» AIM OF THE EXERCISE
Please reproduce the listing in its entirety, exactly as written, but without images.

» MATERIAL PROVIDED
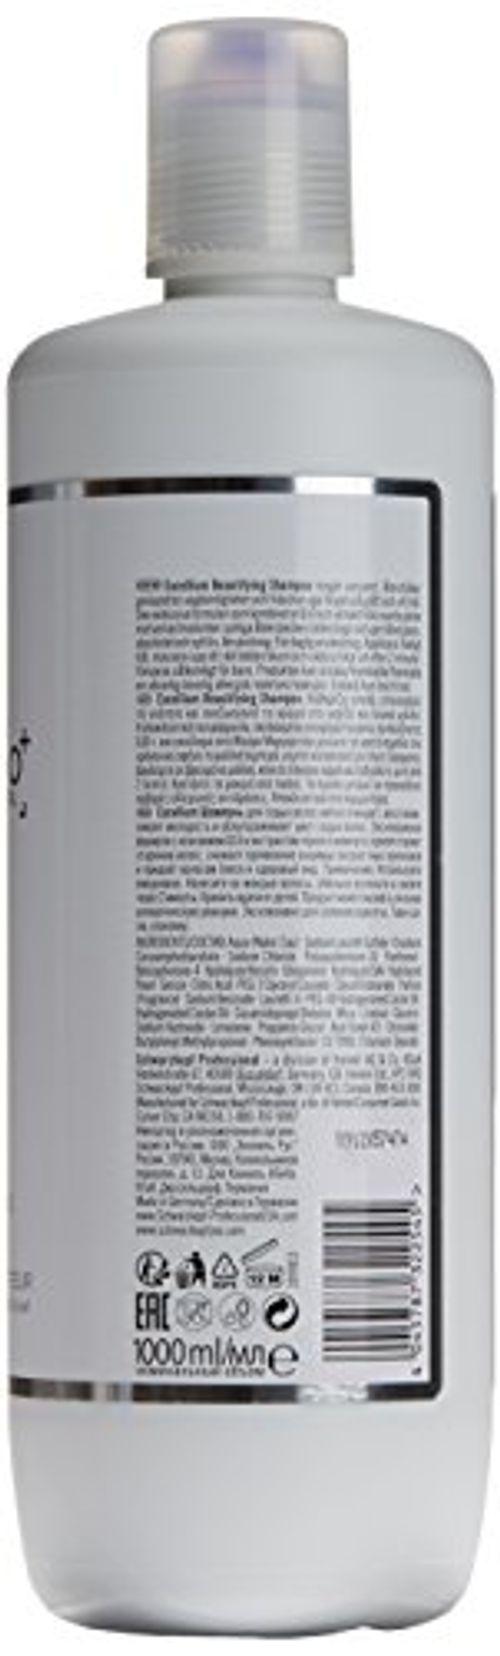 photo Wallpaper of Schwarzkopf-Schwarzkopf BC Excellium Beautifying Champú   1000 Ml-
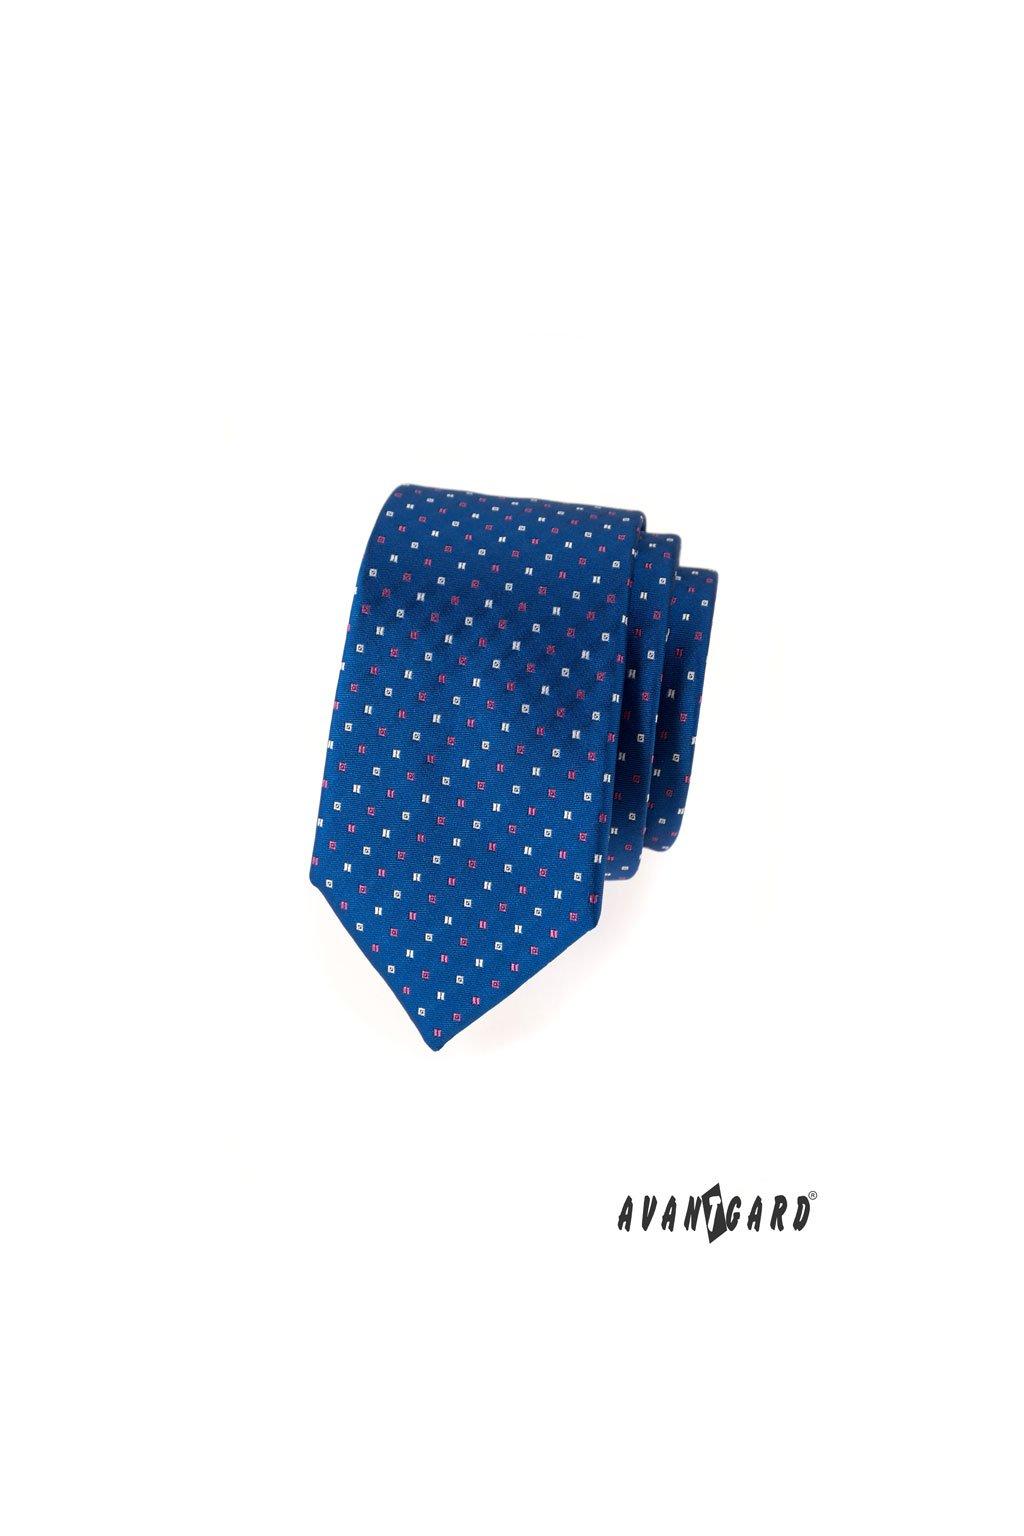 Modrá slim kravata – decentní diagonální vzor
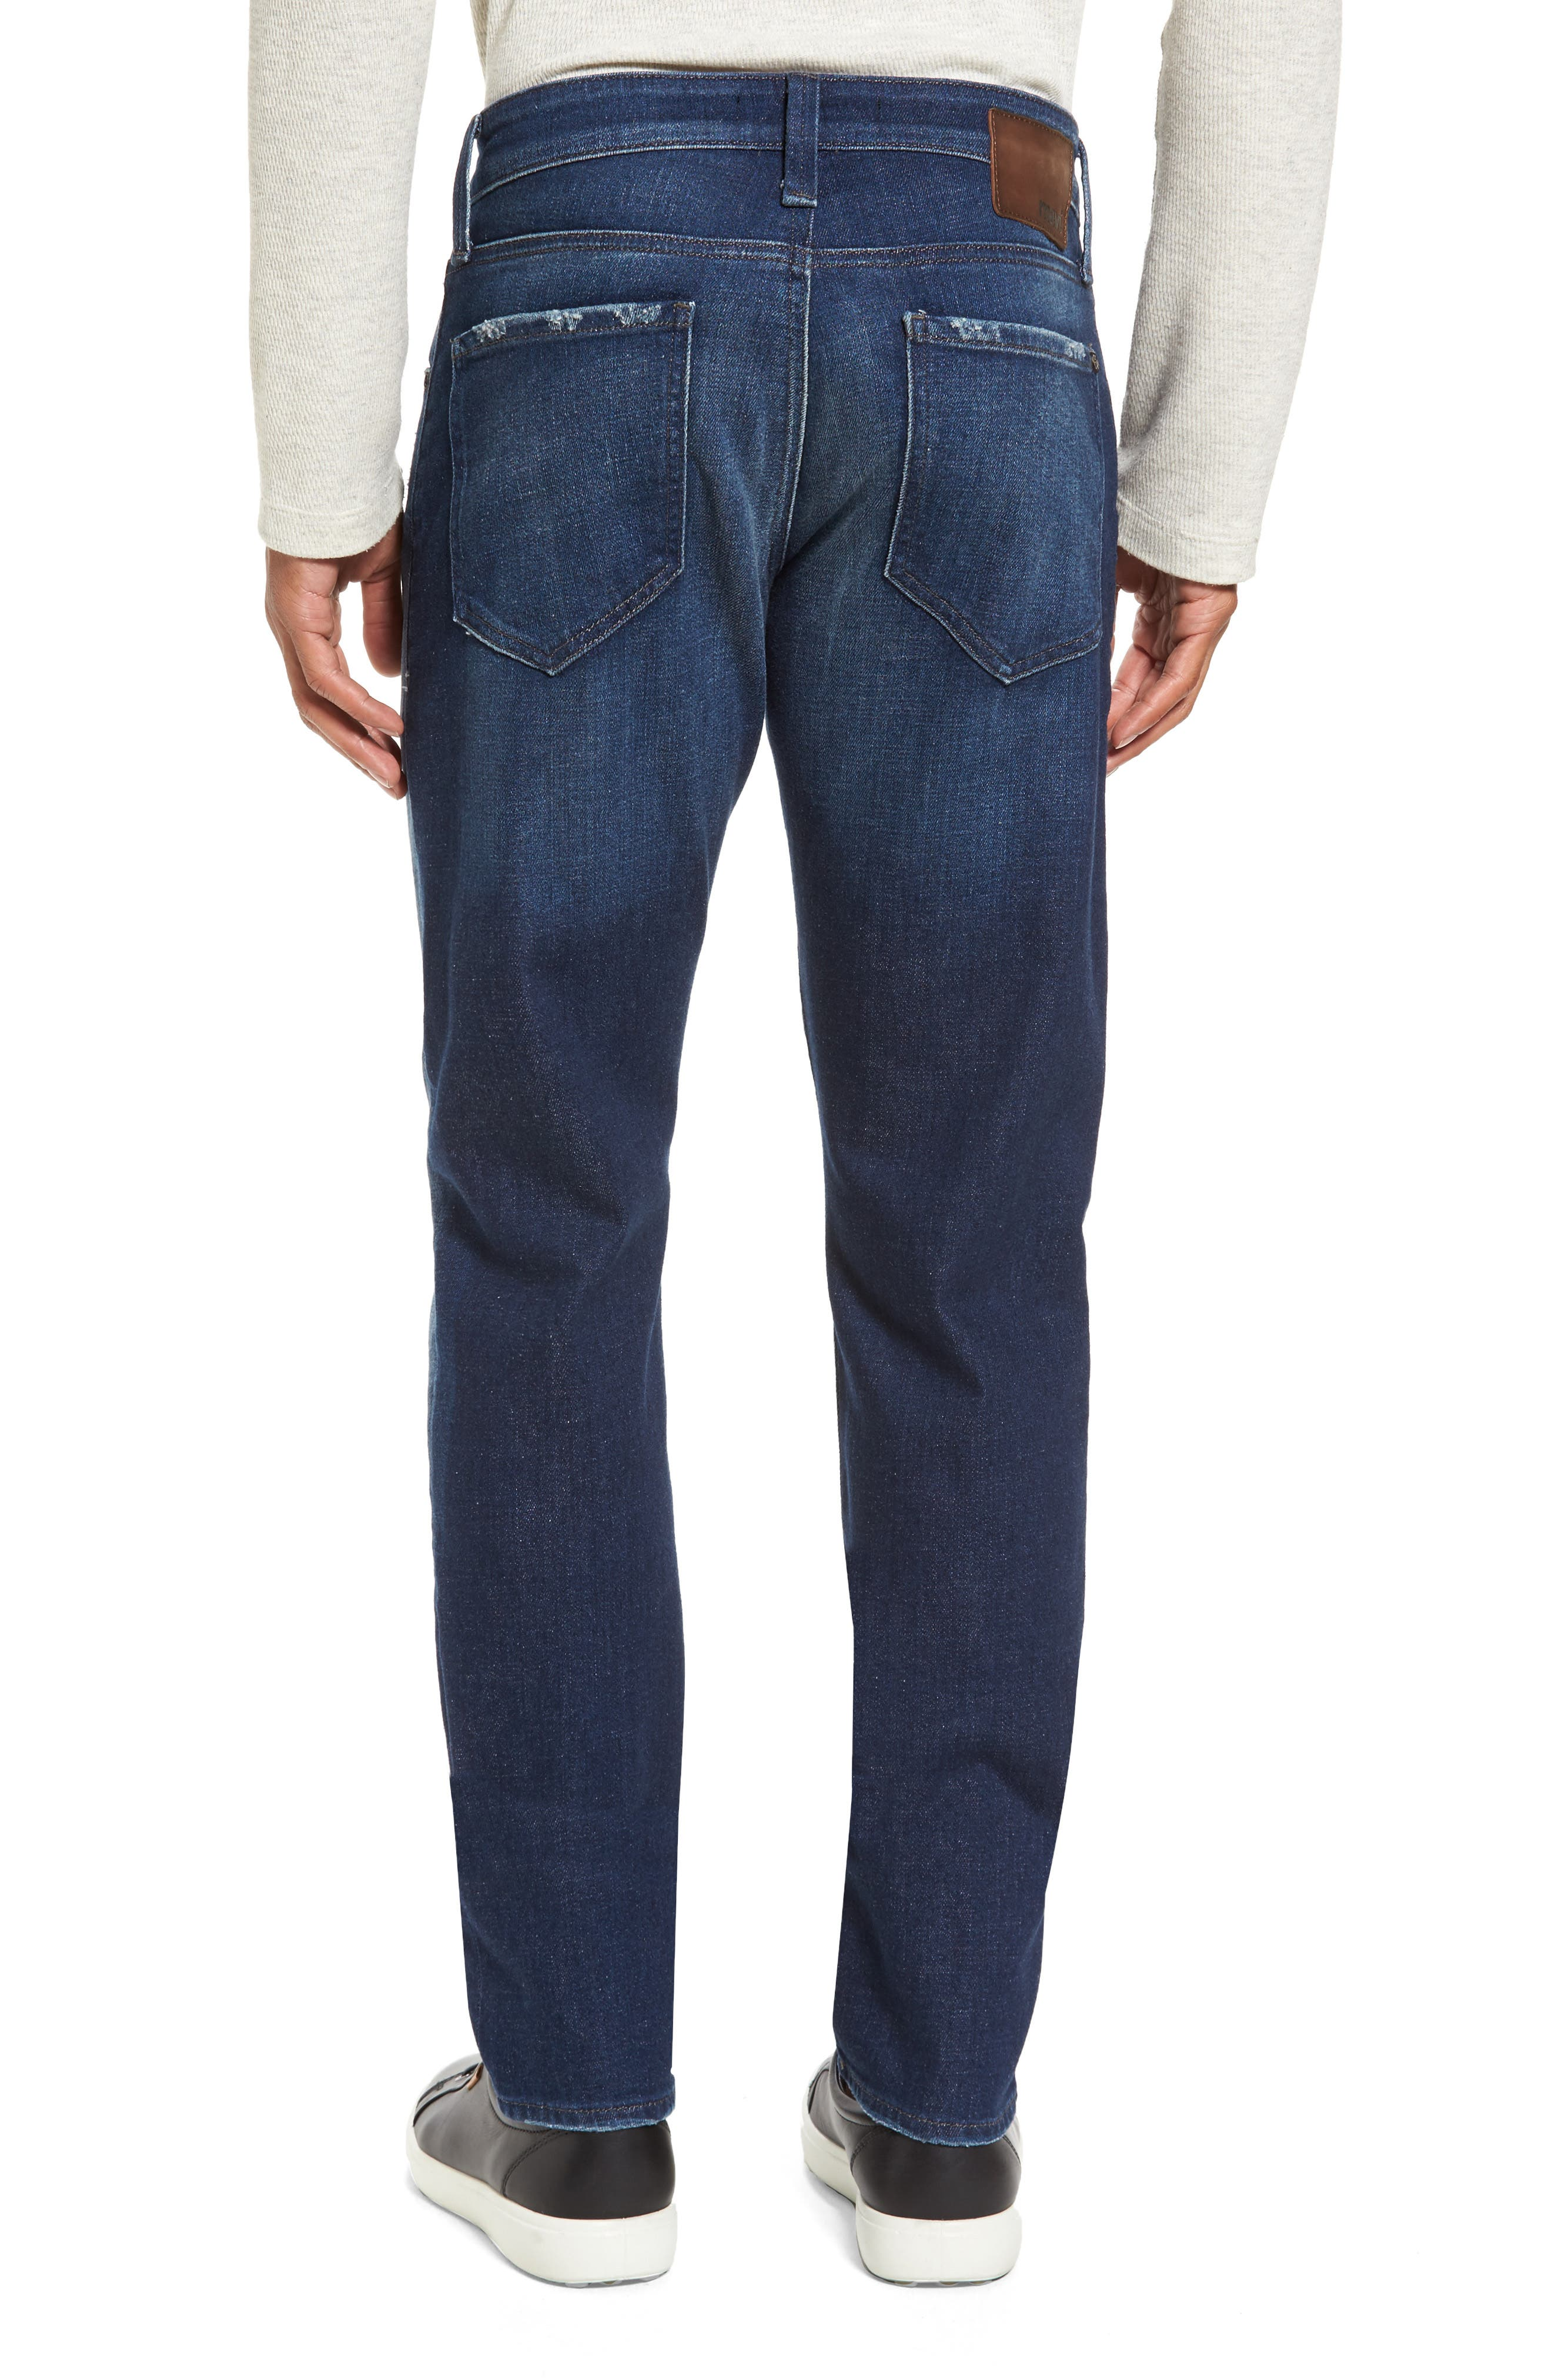 Jake Easy Slim Fit Jeans,                             Alternate thumbnail 2, color,                             401

» OUTPUT OF THE TASK
 photo Wallpaper of Schwarzkopf-Schwarzkopf BC Excellium Beautifying Champú   1000 Ml-
 Modrá slim kravata – decentní diagonální vzor
 Jake Easy Slim Fit Jeans,                             Alternate thumbnail 2, color,                             401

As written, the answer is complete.